■ Exercise aim ■
Locate "8db4bebe913 Folha da" in the data below, then output the line it is on and all following lines through the last, word for word. Skip any pictures.

■ Collected material ■
===============

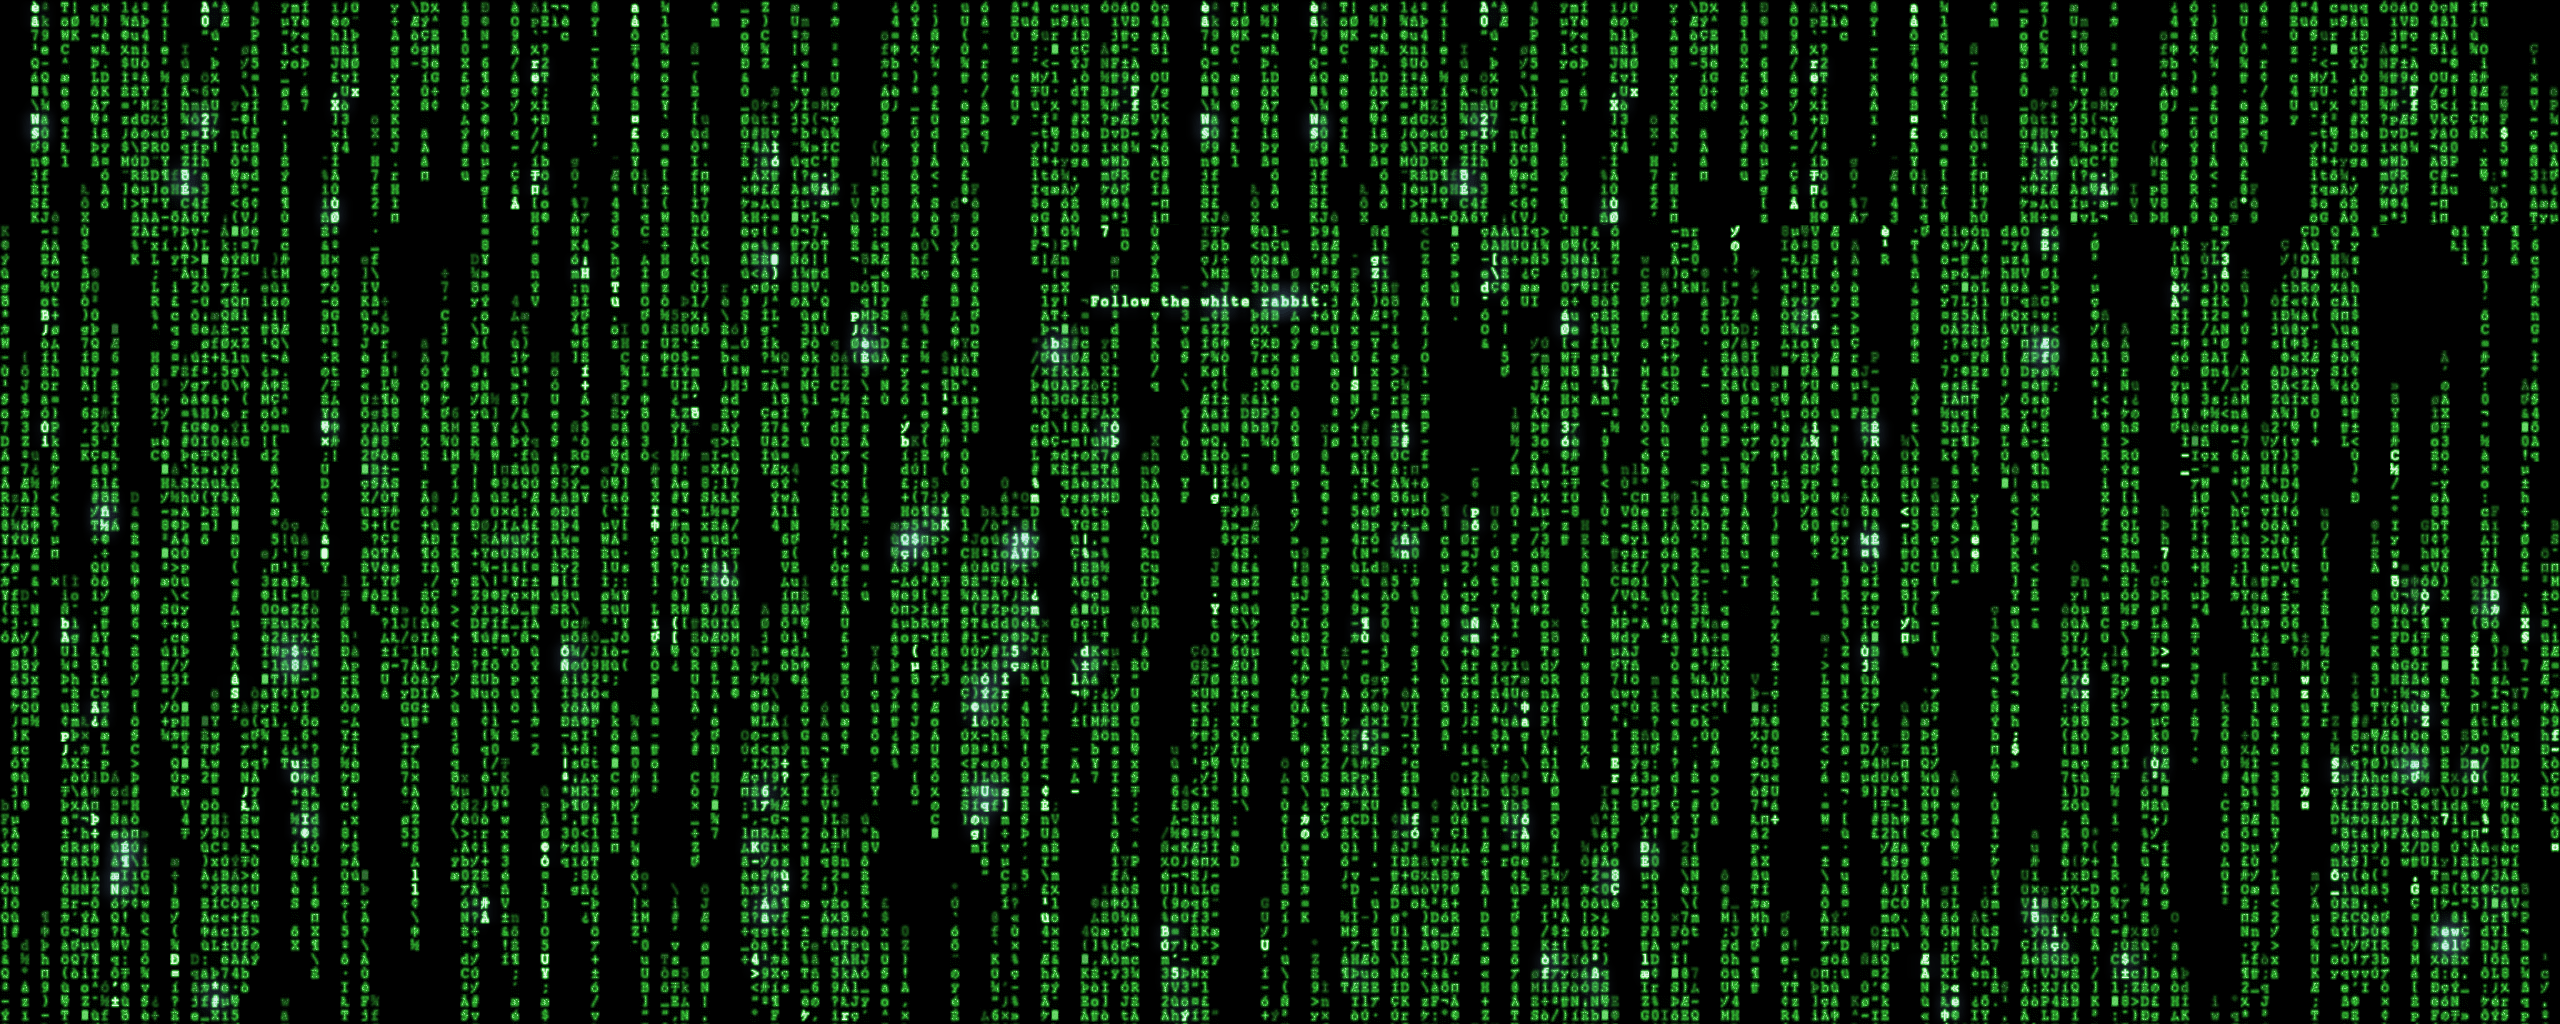 the matrix wallpapers hd wallpapers hd wallpapers
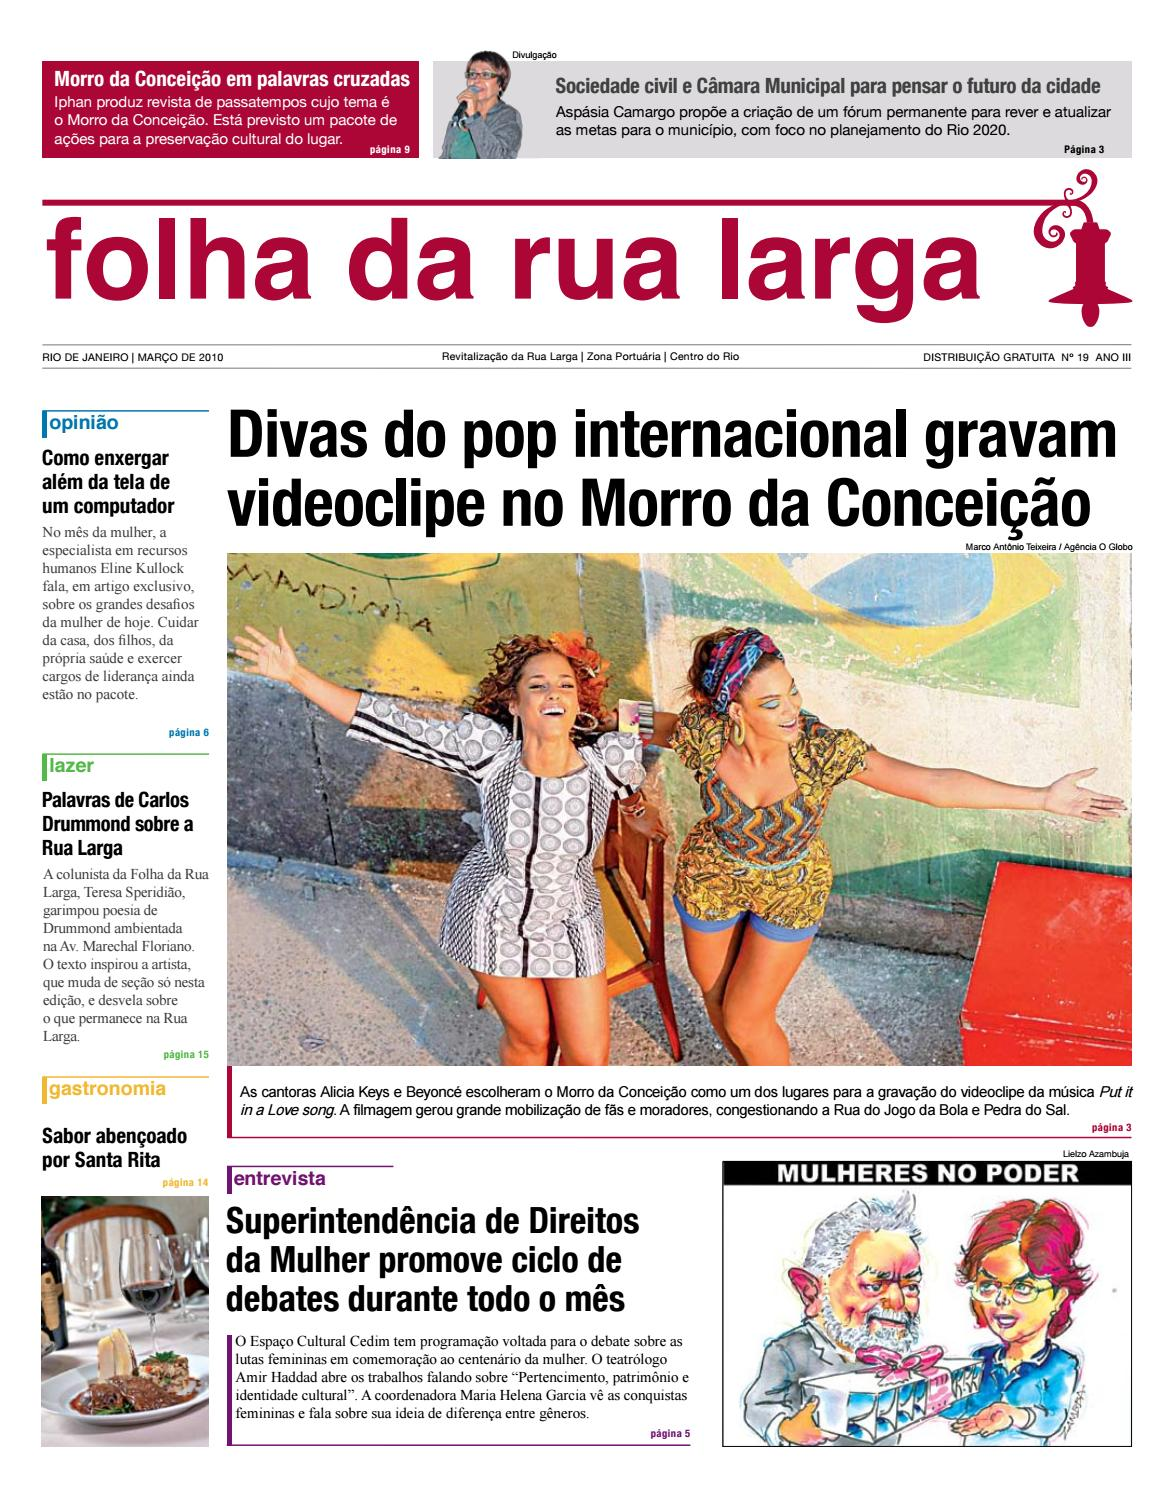 8db4bebe913 Folha da Rua Larga Ed.19 by Instituto Cultural Cidade Viva - issuu
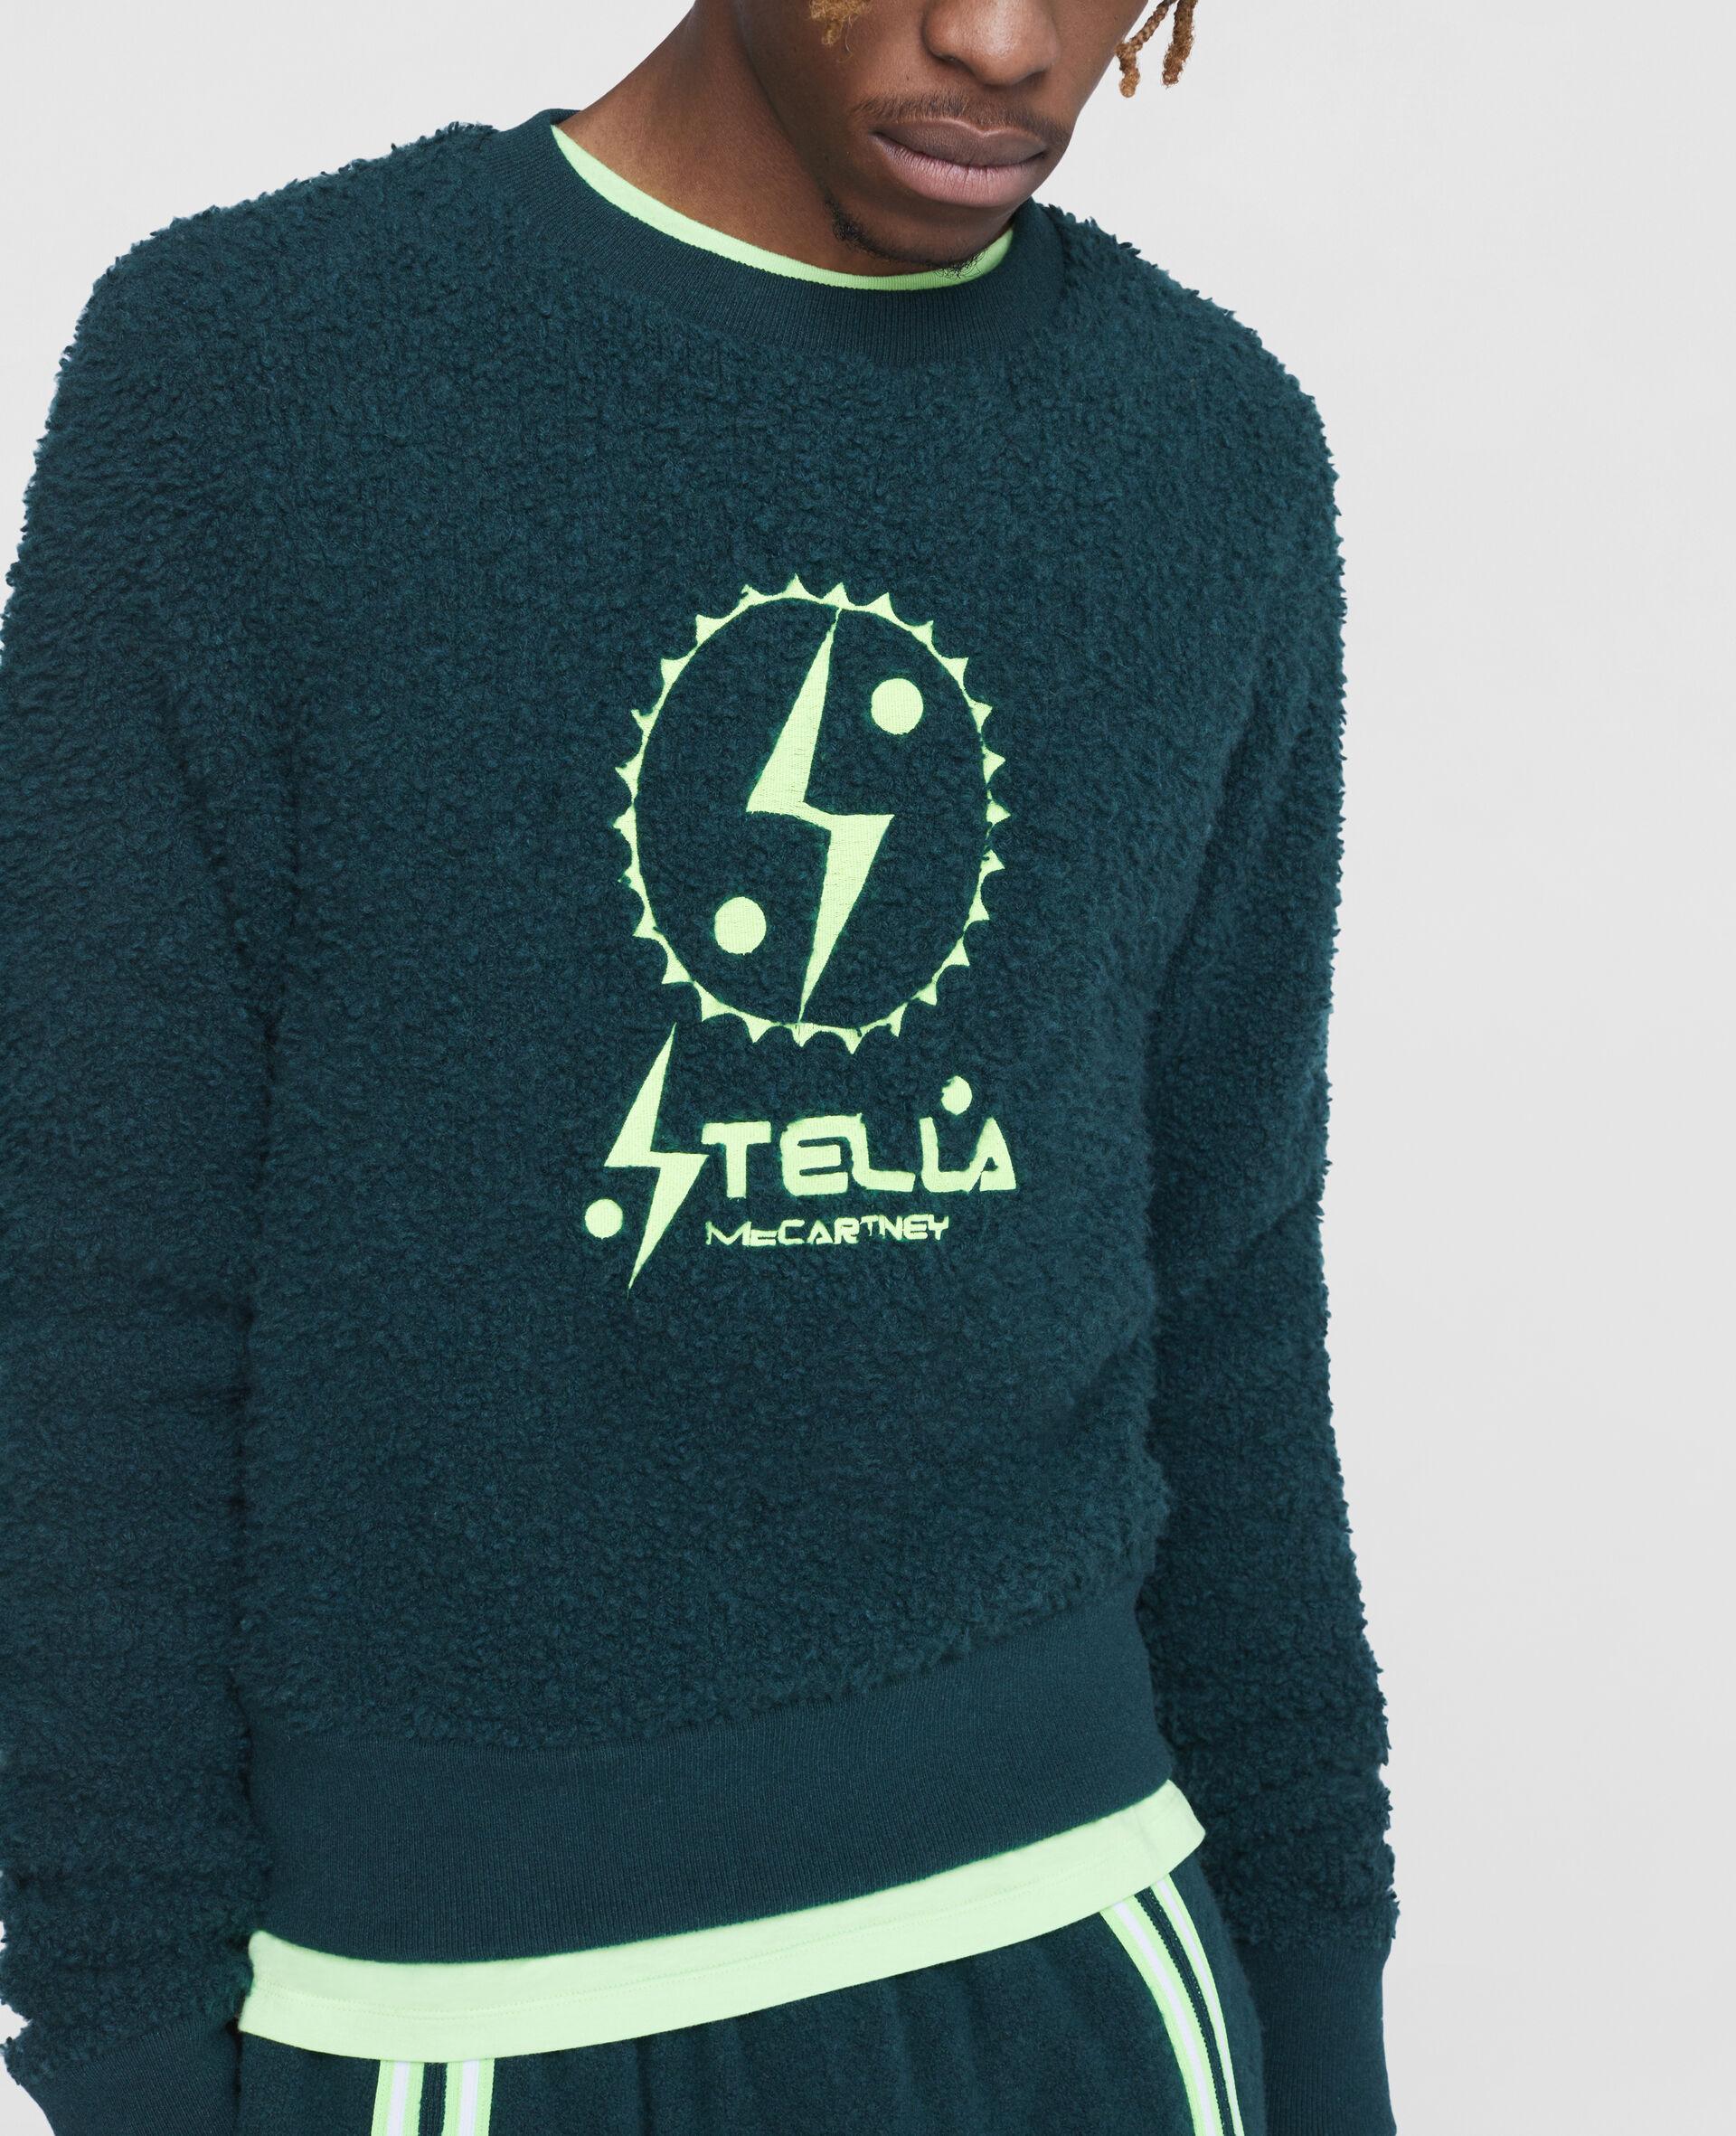 Pull polaire Tom Tosseyn Stella Logo -Vert-large image number 4

===============

■ Result of the task ■
 8db4bebe913 Folha da Rua Larga Ed.19 by Instituto Cultural Cidade Viva - issuu
 Pull polaire Tom Tosseyn Stella Logo -Vert-large image number 4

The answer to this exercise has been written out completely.